■ WORK ORDER:
From the line that holds "Bilbos Birthday Party Sept. 22nd at DOKS" to the last line below, retype everything exactly and nothing else; omit pictures.

■ COLLECTED MATERIAL:

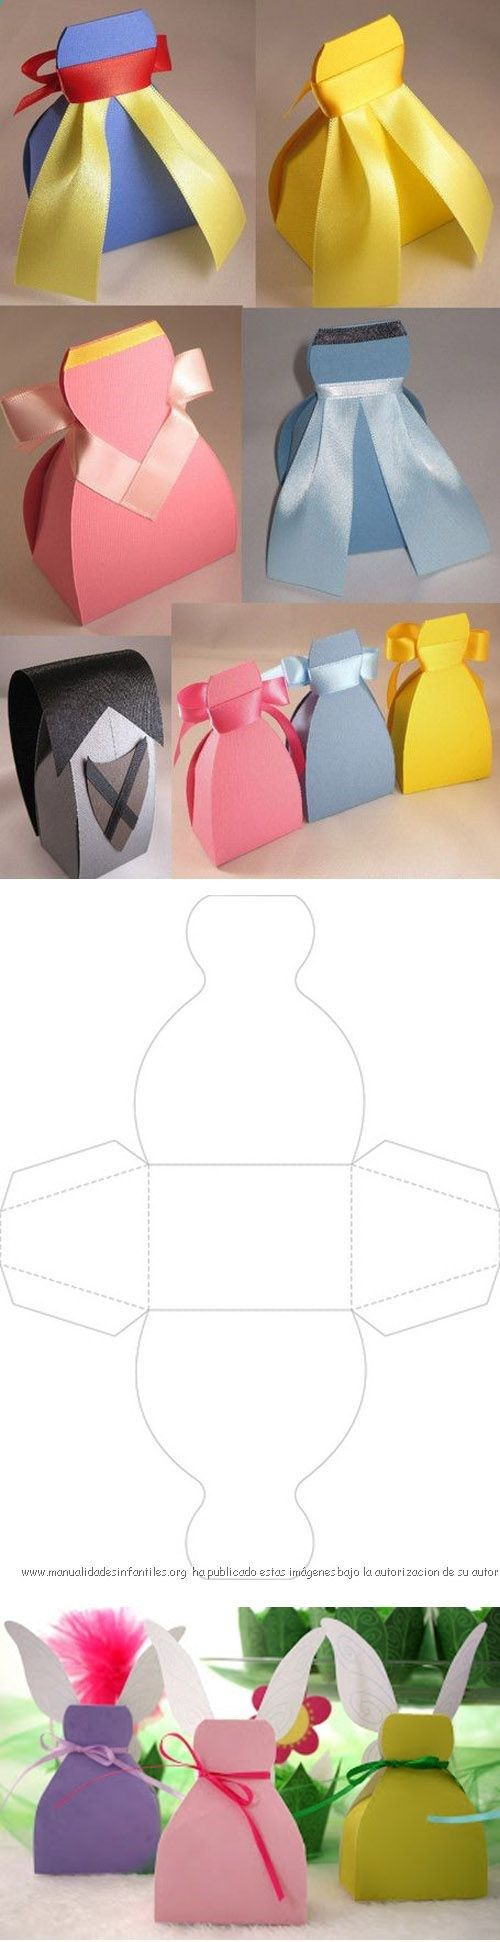 Bolsitos de vestido de mujer
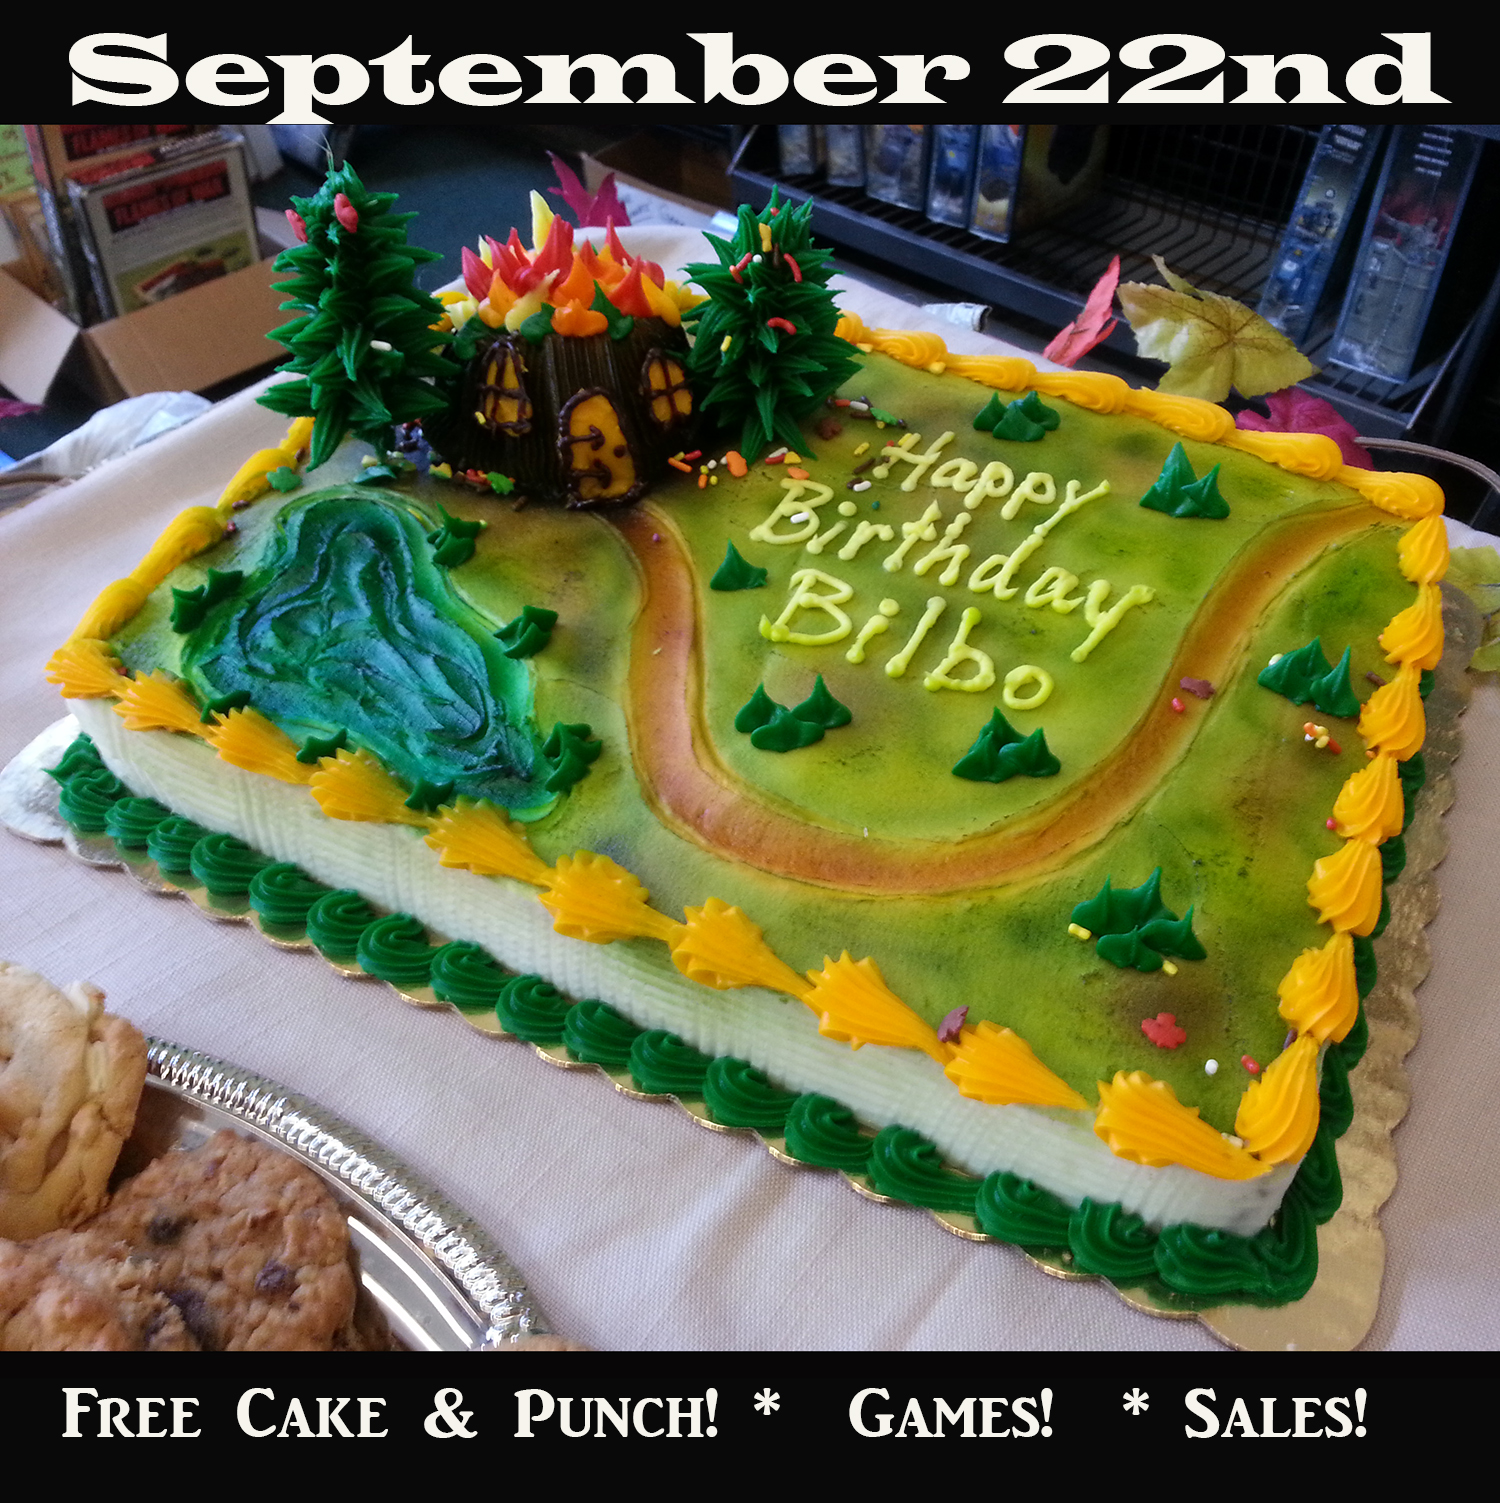 Bilbos Birthday Party Sept. 22nd at DOKS
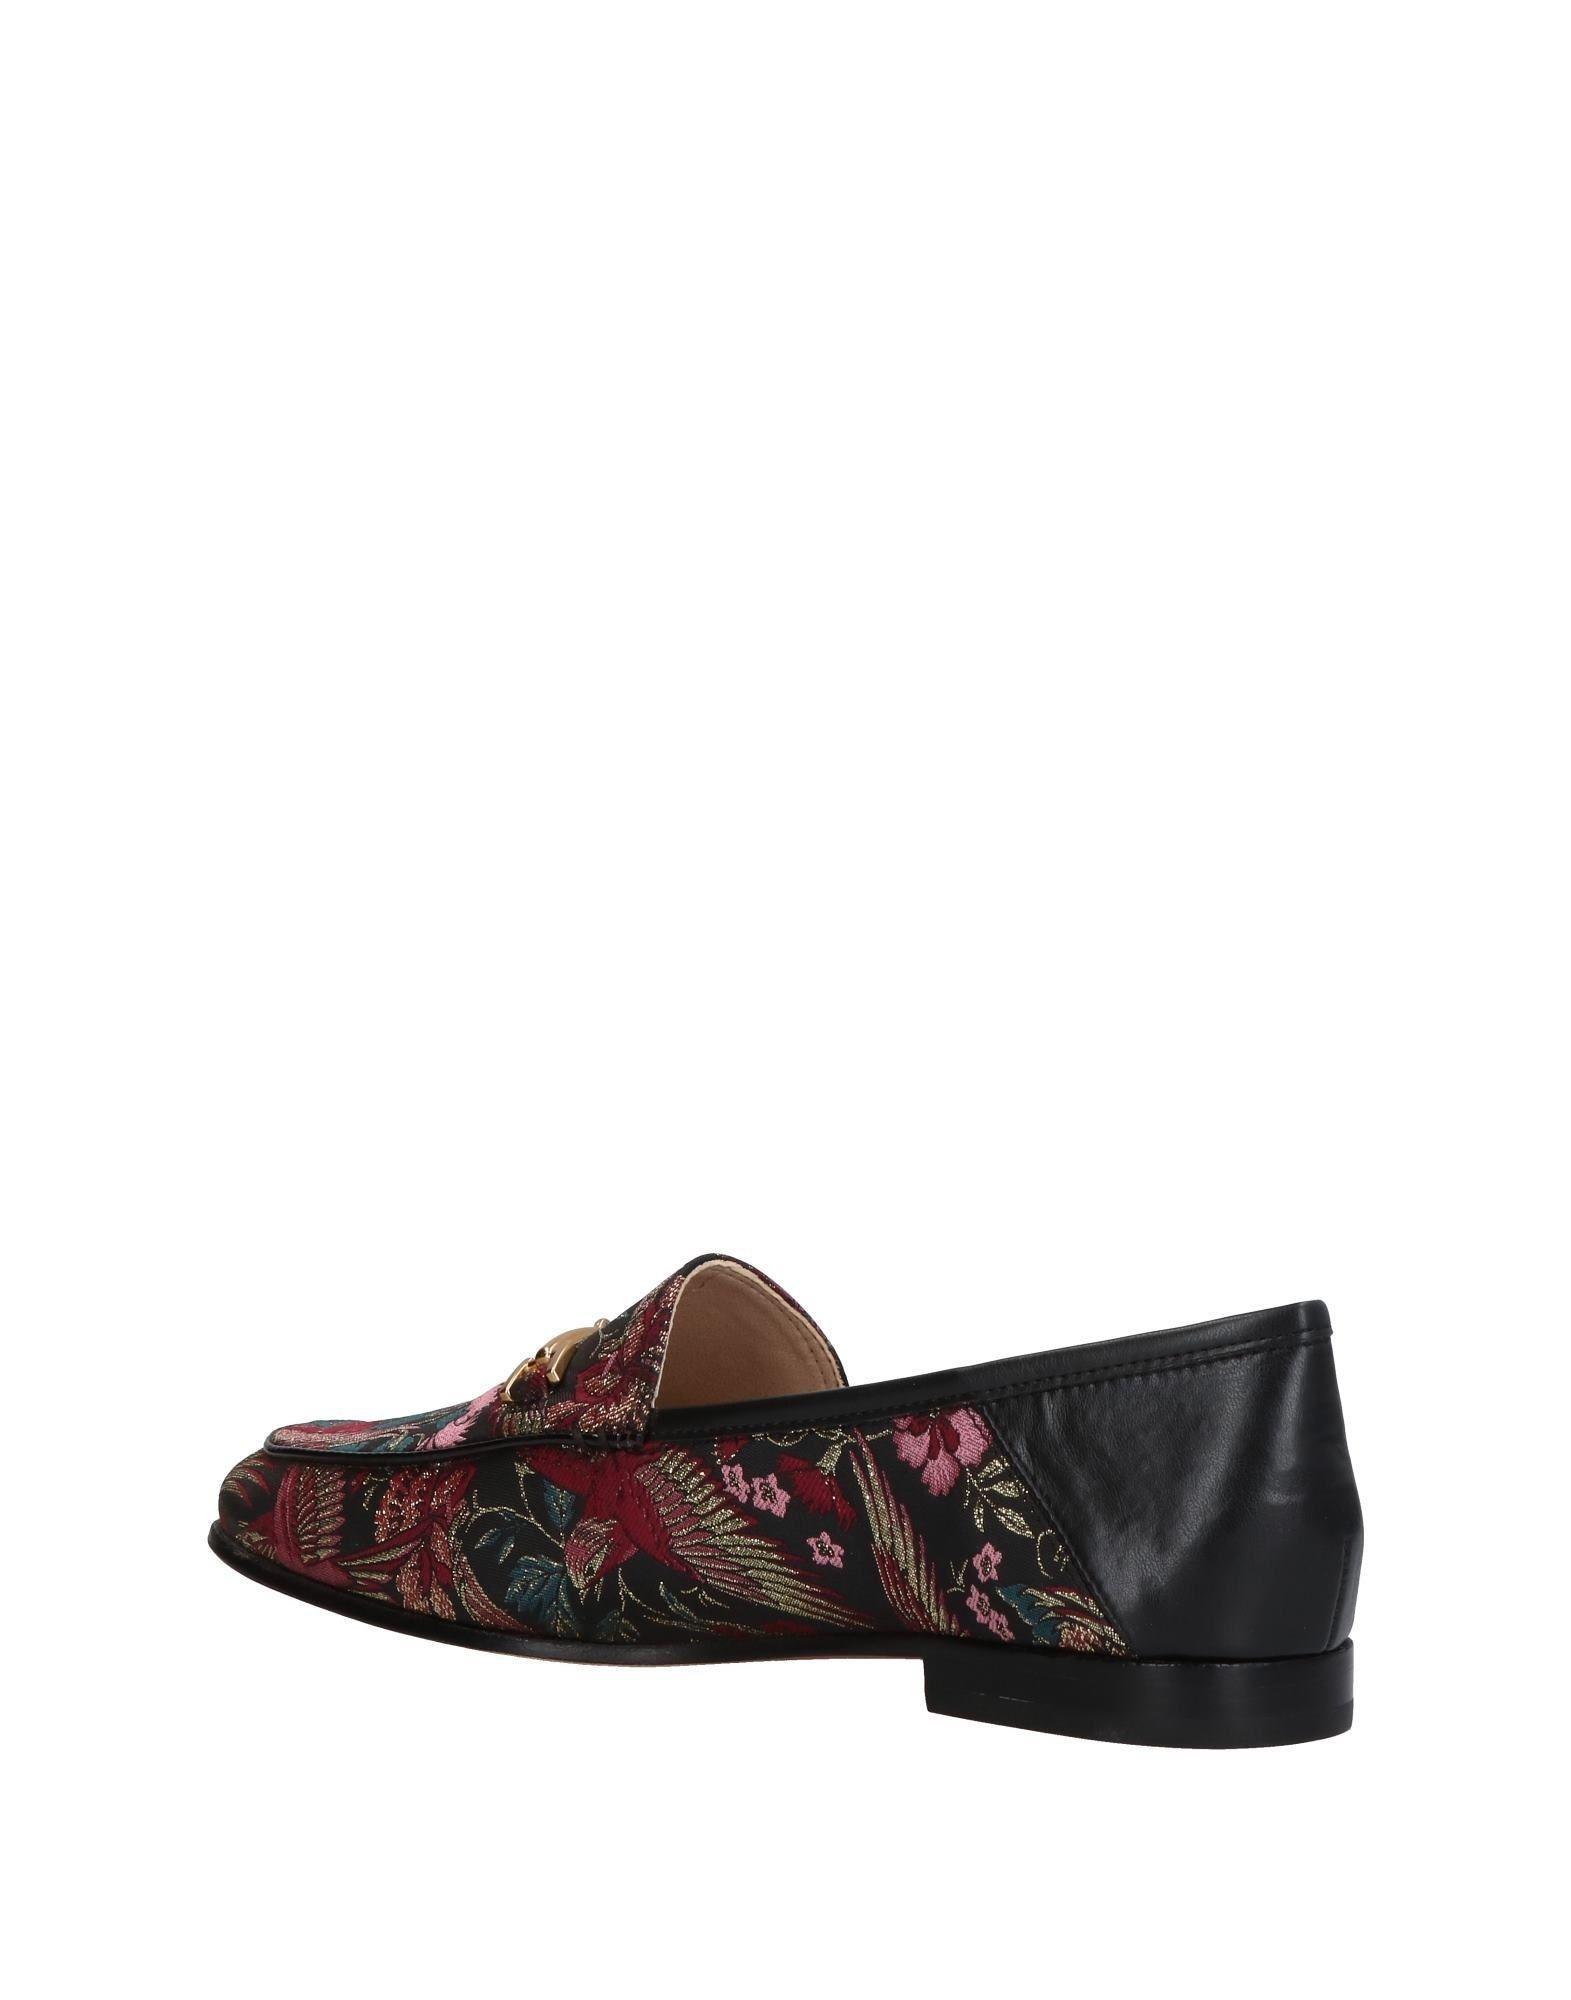 88fb72f06026 Sam Edelman Women's Loraine Loafers in Black - Save 47% - Lyst

■ RESPONSE BELOW:
 Bilbos Birthday Party Sept. 22nd at DOKS
 88fb72f06026 Sam Edelman Women's Loraine Loafers in Black - Save 47% - Lyst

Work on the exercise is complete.